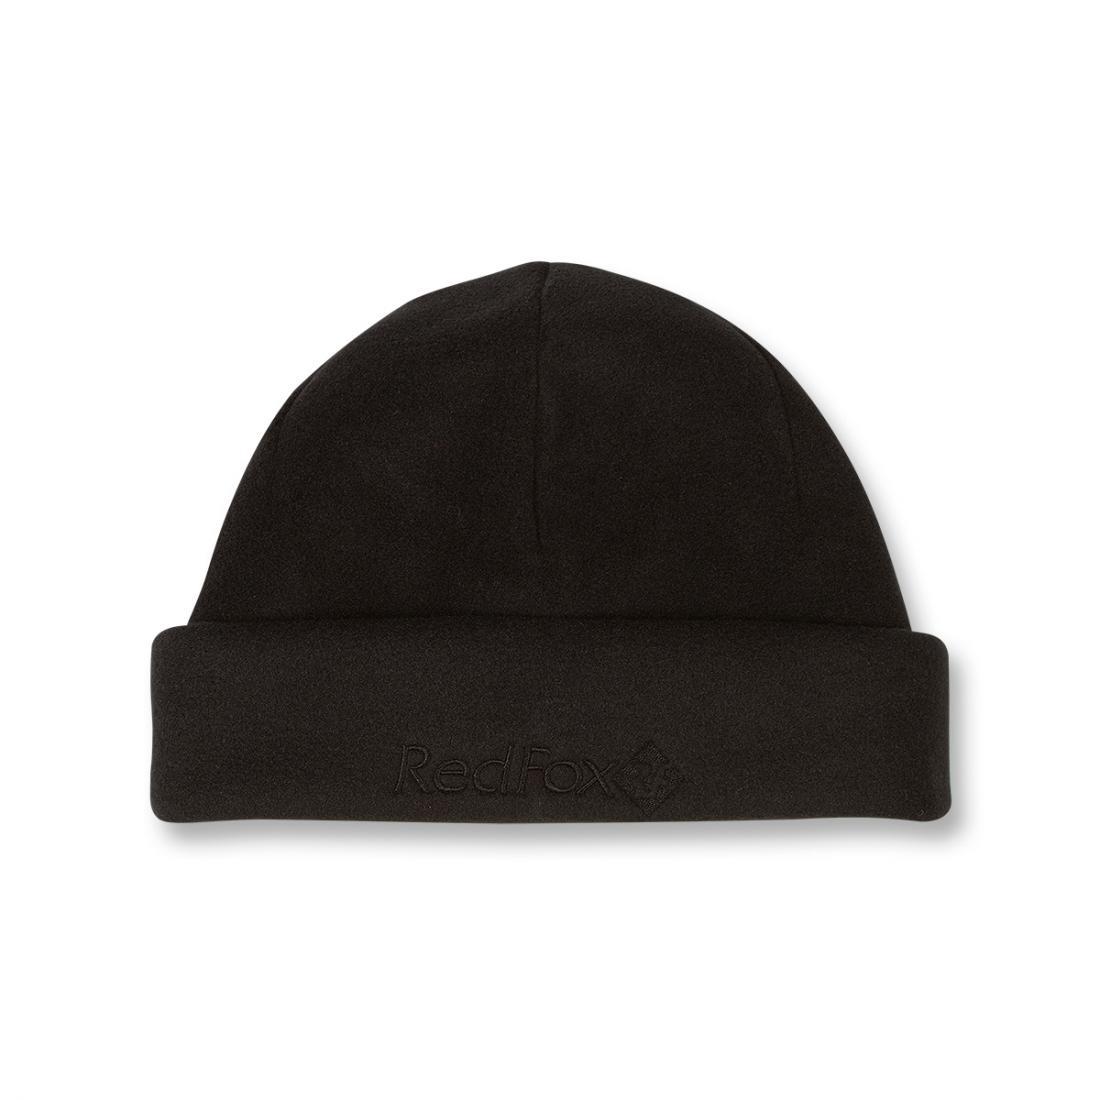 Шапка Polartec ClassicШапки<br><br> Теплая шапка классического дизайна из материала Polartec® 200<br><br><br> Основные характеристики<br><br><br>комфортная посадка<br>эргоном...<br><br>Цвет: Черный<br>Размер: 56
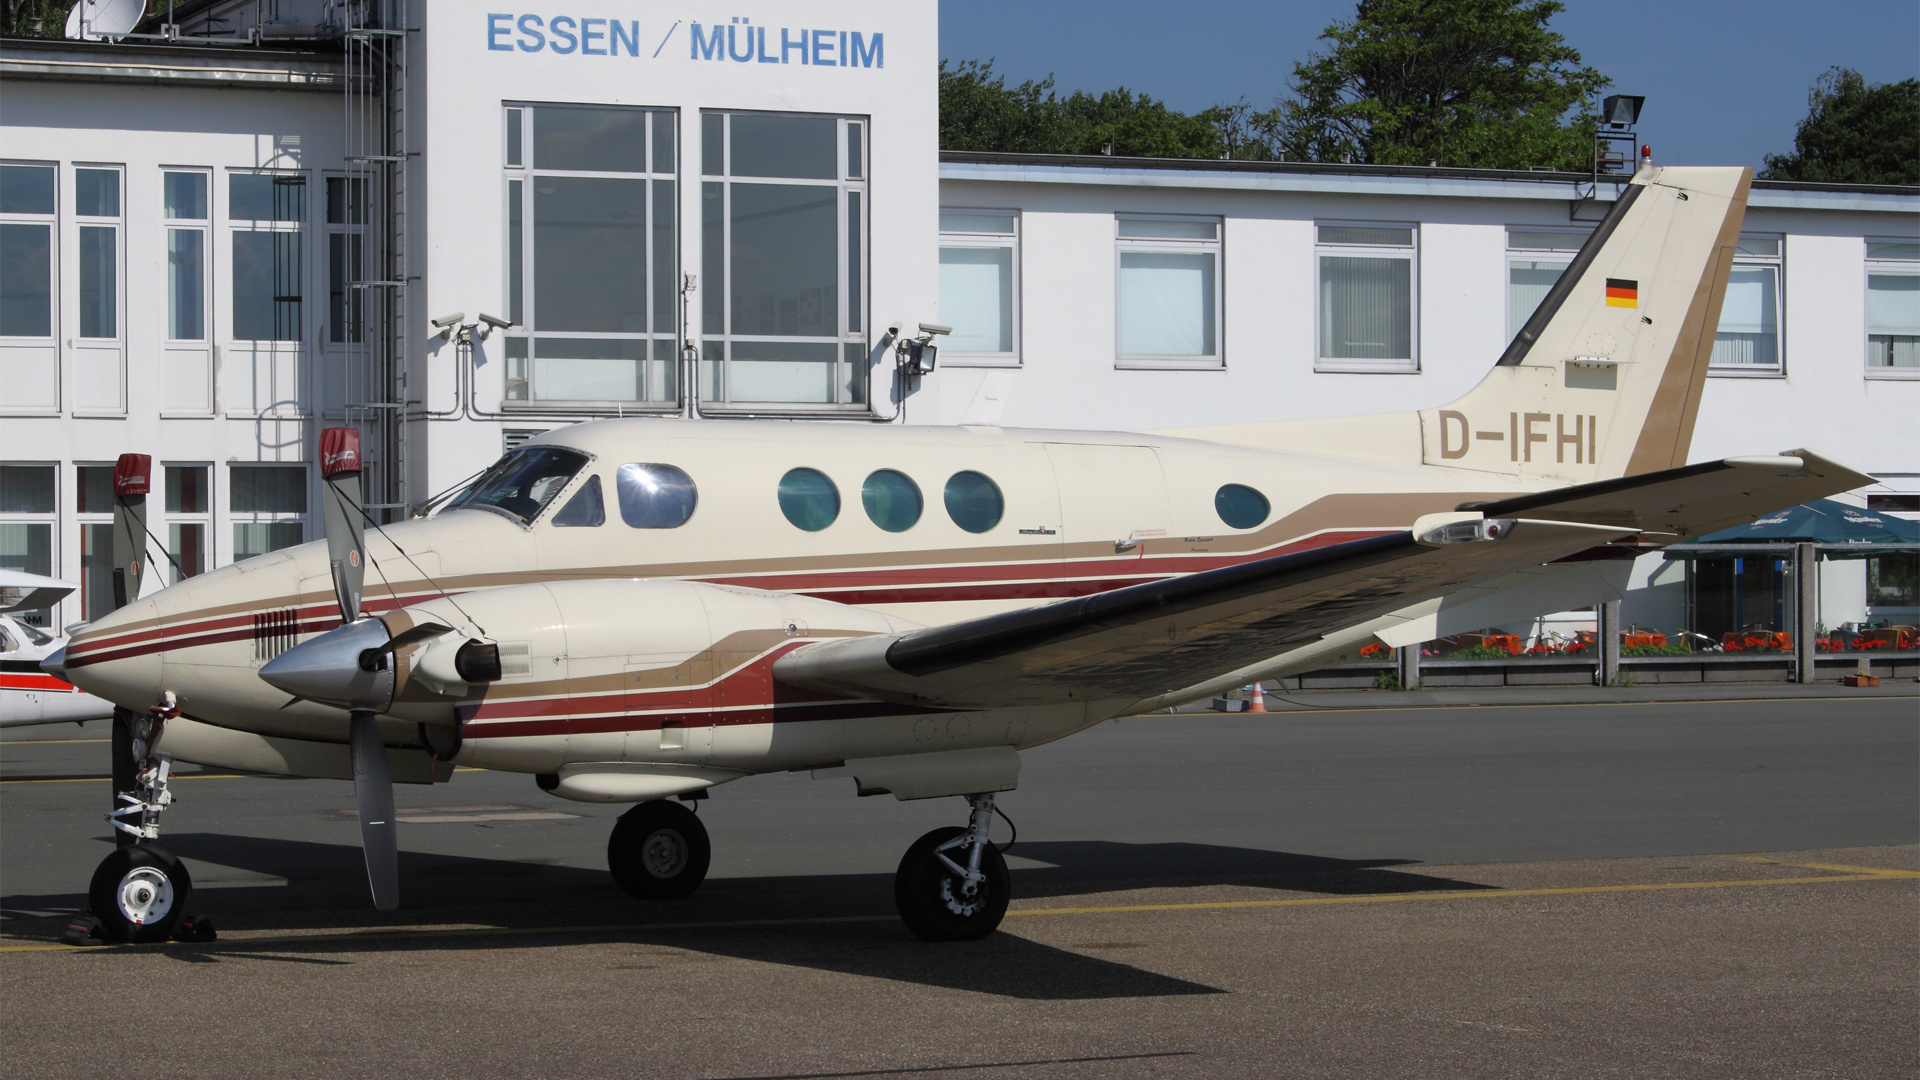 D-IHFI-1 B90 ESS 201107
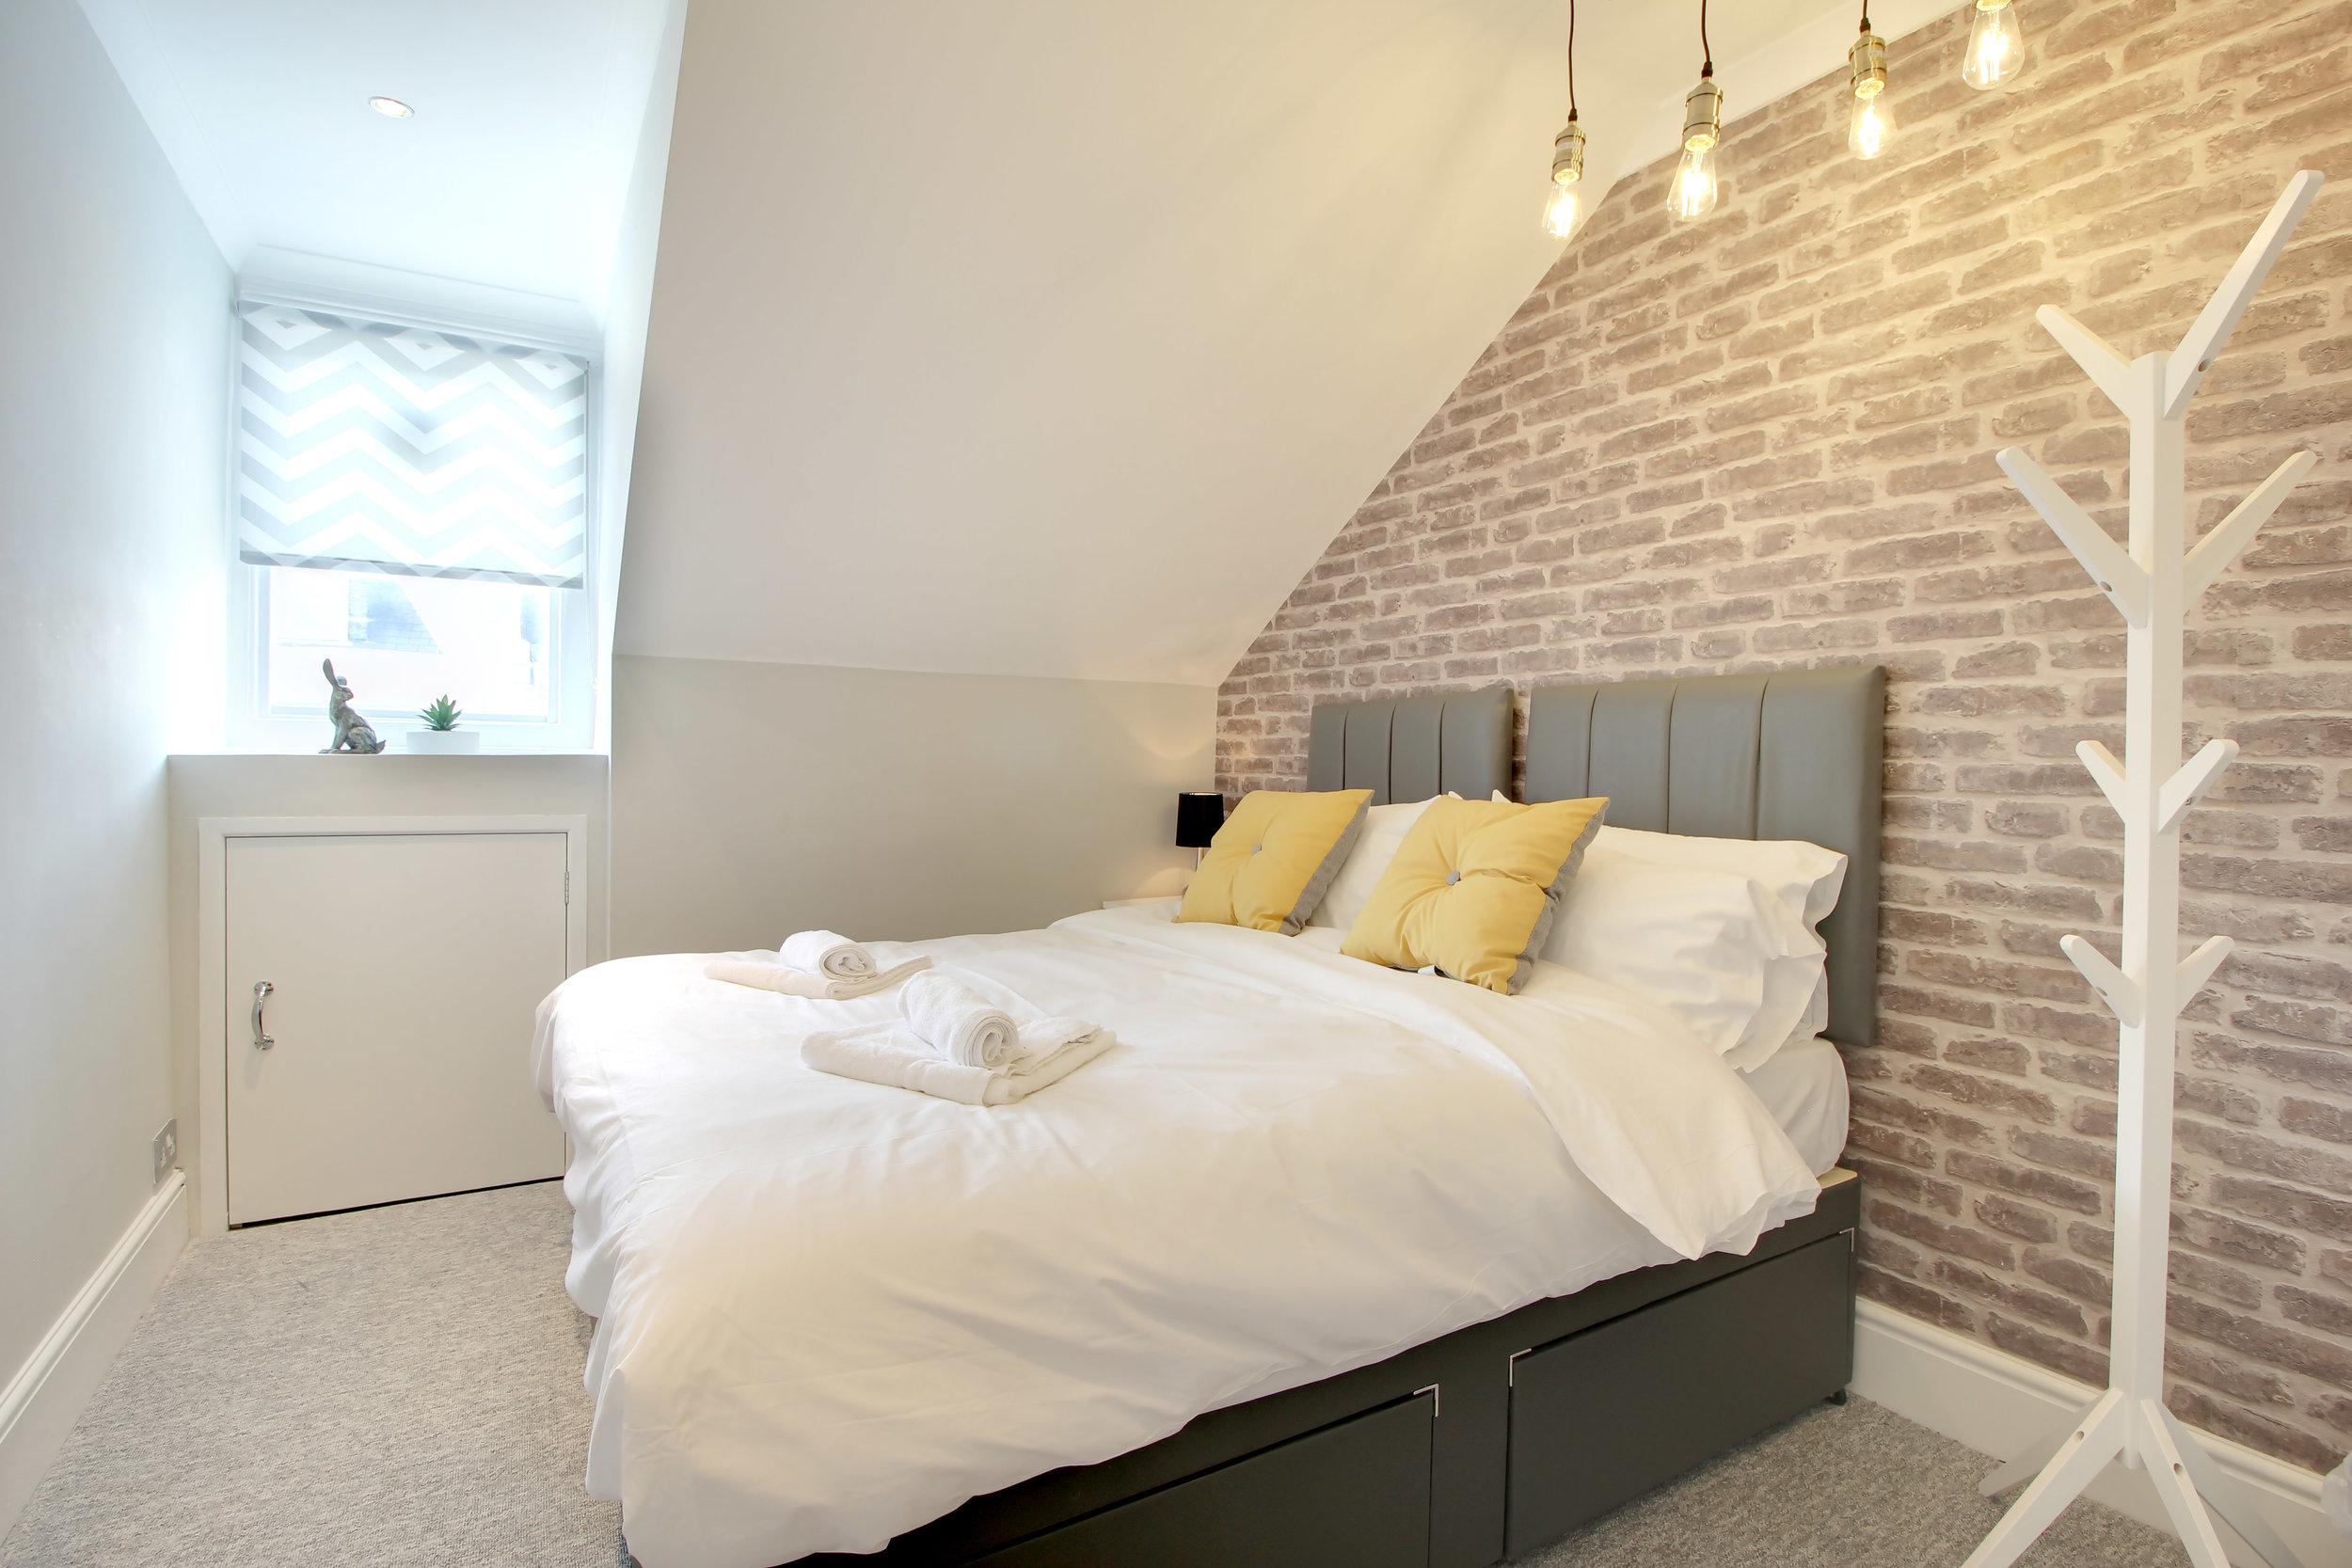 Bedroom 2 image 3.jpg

*****

*DIRECTIONS FOR THIS TASK*. Would you please transcribe the listing in full, exactly, while omitting the images?

*RESULT FOR THIS EXERCISE*.
 Шапка Polartec ClassicШапки<br><br> Теплая шапка классического дизайна из материала Polartec® 200<br><br><br> Основные характеристики<br><br><br>комфортная посадка<br>эргоном...<br><br>Цвет: Черный<br>Размер: 56
 D-IHFI-1 B90 ESS 201107
 Bedroom 2 image 3.jpg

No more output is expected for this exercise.